In refusing the appeal, the Inner House confirmed that the correct approach to the interpretation of a notice by reference to the reasonable recipient test is still to be found in the 1997 House of Lords case, Mannai Ltd v Eagle Starr Assurance Co. Ltd. In finding against them, the Court took the view that Regent’s counsel focused too heavily on the words, rather than considering the notice as a whole in its overall context. When read as a whole therefore, despite the error, the notice was unambiguous. In future cases, when assessing a notice which can be construed by reference to the reasonable recipient test (and bear in mind that there are notices which will not fall into that category), the court must consider “the impression immediately made on the reasonable recipient who would have been informed by knowledge of the relevant context.”
With regards to the fact that the letter was from a solicitor, the court found that this resulted in no assumption of deliberate and careful use of words. Indeed, rather than suggesting a deliberate attempt or a “try on”, the fact that the letter was from a solicitor pointed to the opposite conclusion. A solicitor would know what their client is entitled to and “engaging in what would in effect, be a type of concealment by way of a try on, is not conduct which the reasonable recipient would, we think, attribute to a solicitor.”

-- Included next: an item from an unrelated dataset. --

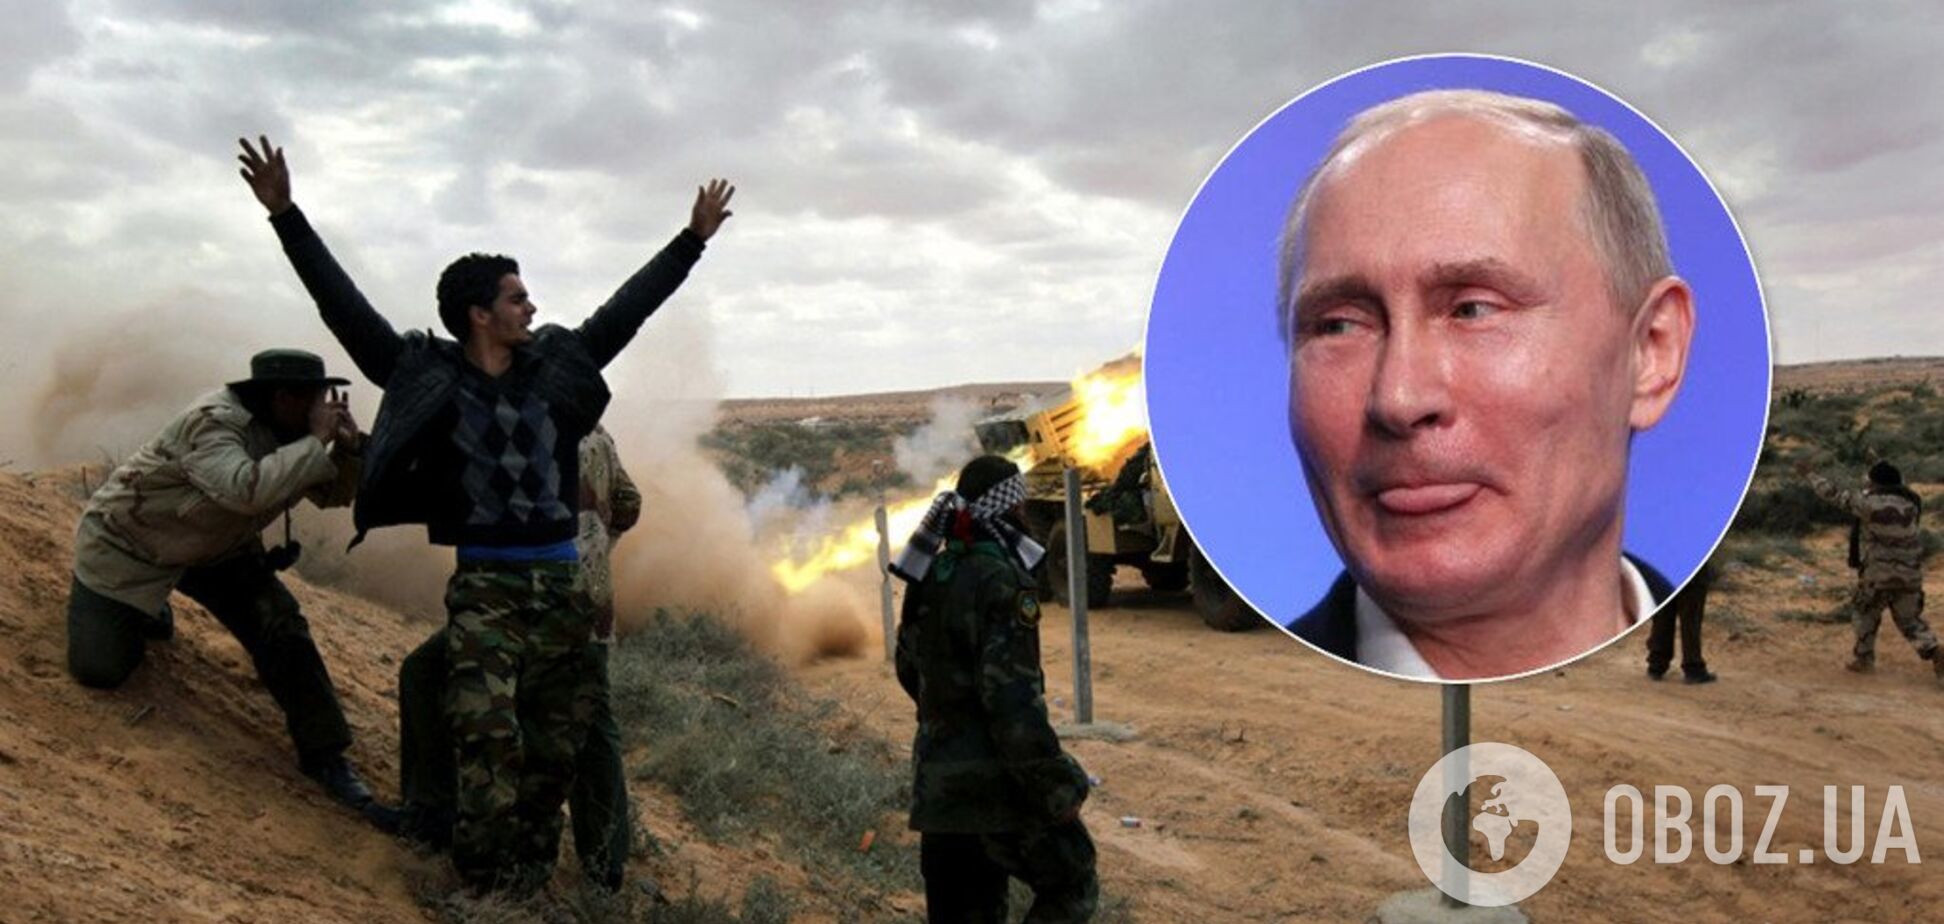 Путин, введи войска! В Ливии обратились к России за помощью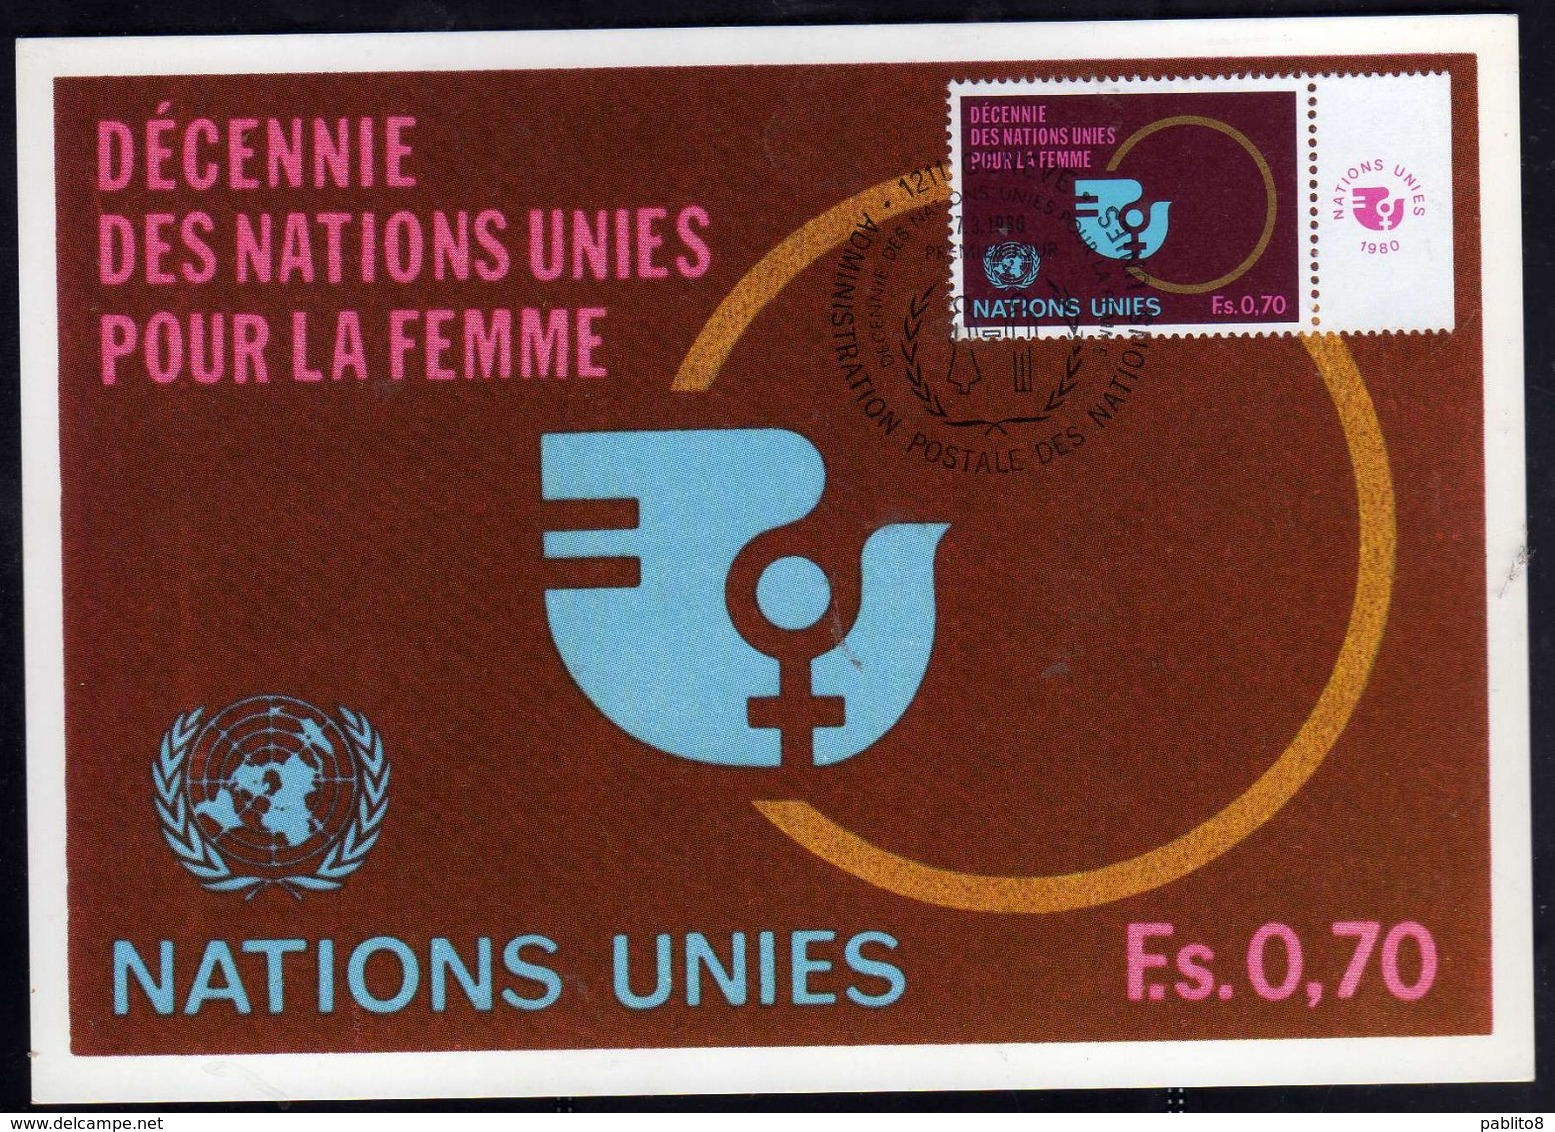 NATIONS UNIES GENEVE ONU UN UNO 7 3 1980 POUR LA FEMME FOR WOMEN PER LA DONNA FDC MAXI CARD CARTOLINA MAXIMUM - Maximum Cards

Despite the fact that Tyco’s notice was valid and, therefore, a firm measure of good sense was applied by the court, lessons can still be learned from this case. Generally speaking, drafting notices can be difficult but there are ways in which to reduce the scope for challenges. This may be counterintuitive, but if the lease and circumstances permit, it may be worthwhile to include some general drafting which could serve to broaden the scope of any definitions applied in a notice – avoiding of course the possibility of ending up with a notice so vague as to render it invalid.